Yes, and you might choose to use different options for different
fields. For dictionary searches, where users are searching for specific
words, and a high degree of precision is called for, stemming is less
helpful, but for full text searches, more so.
-Mike
On 4/23/2012 3:35 PM, Walter Underwood wrote:
There is a third approach. Create two fields and always query both of them,
with the exact field given a higher weight. This works great and performs well.

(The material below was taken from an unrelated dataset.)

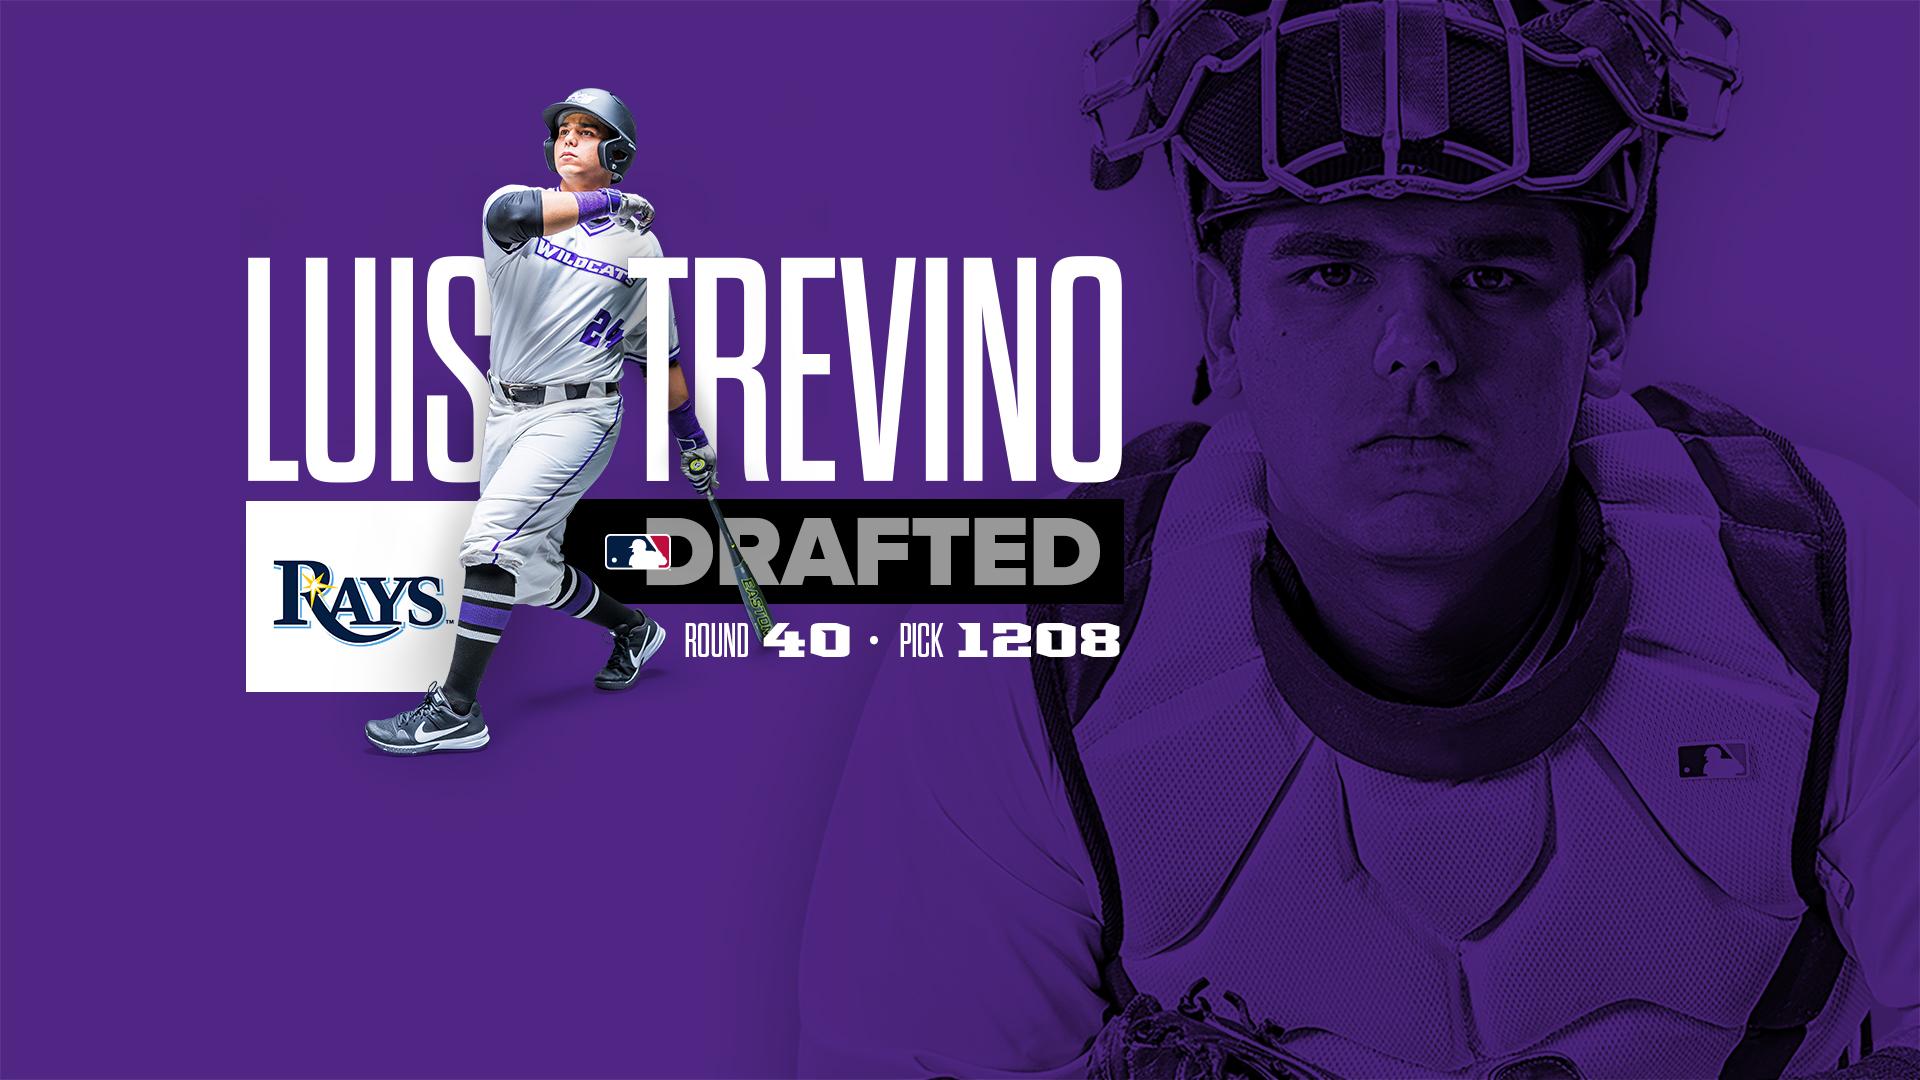 Catcher Luis Trevino drafted by Tampa Bay Rays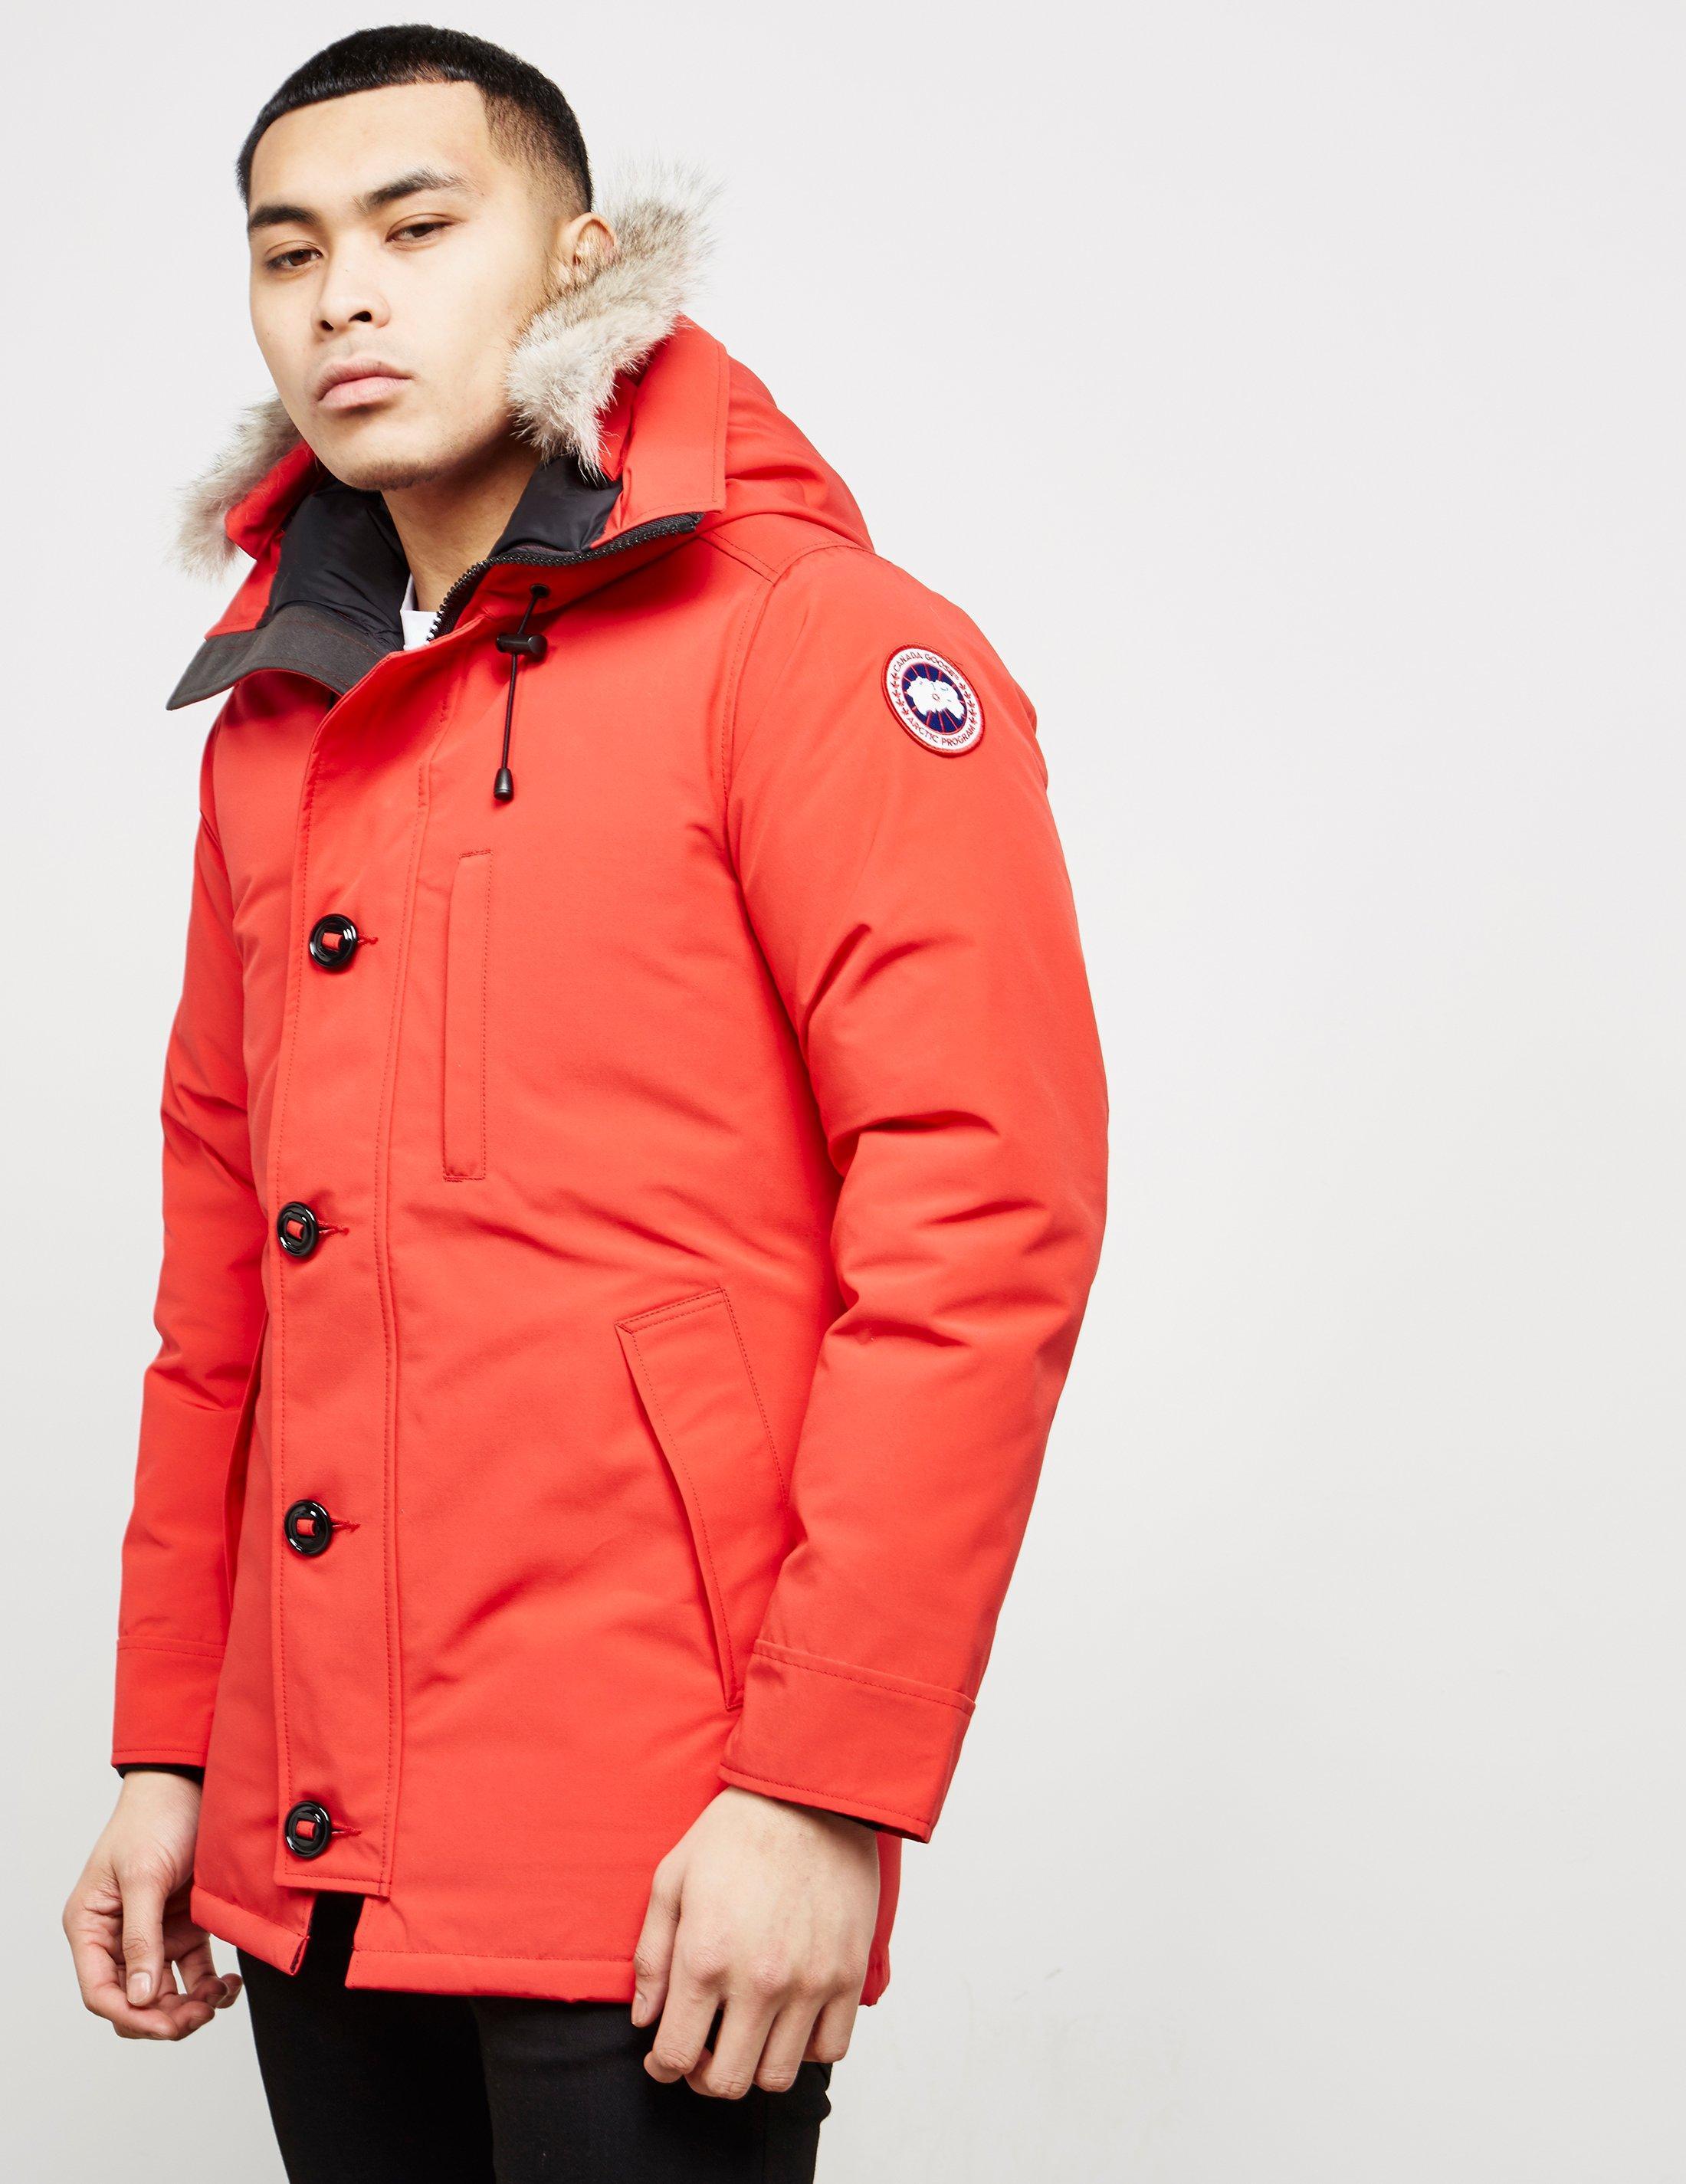 Canada Goose Chateau Padded Parka Jacket Red for Men - Save 24% - Lyst

It is what we did at Netflix and what I'm doing at Chegg.
wunder
On Apr 23, 2012, at 12:21 PM, Andrew Wagner wrote:
So I just realized the other day that stemming basically happens at index
time. If I'm understanding correctly, there's no way to allow a user to
specify, at run time, whether to stem particular words or not based on a
single index. I think there are two options, but I'd love to hear that I'm
wrong:
1.) Incrementally build up a white list of words that don't stem very well.
To pick a random example out of the blue, "light" isn't super closely
related to, "lighter", so I might choose not to stem that. If I wanted to
do this, I think (if I understand correctly), stemmerOverrideFilter would
help me out with this. I'm not a big fan of this approach.
2.) Index all the text in two fields, once with stemming and once without.
Then build some kind of option into the UI for specifying whether to stem
the words or not, and search the appropriate field. Unfortunately, this
would roughly double the size of my index, and probably affect query times
too. Plus, the UI would probably suck.
Am I missing an option? Has anyone tried one of these approaches?
Thanks!
Andrew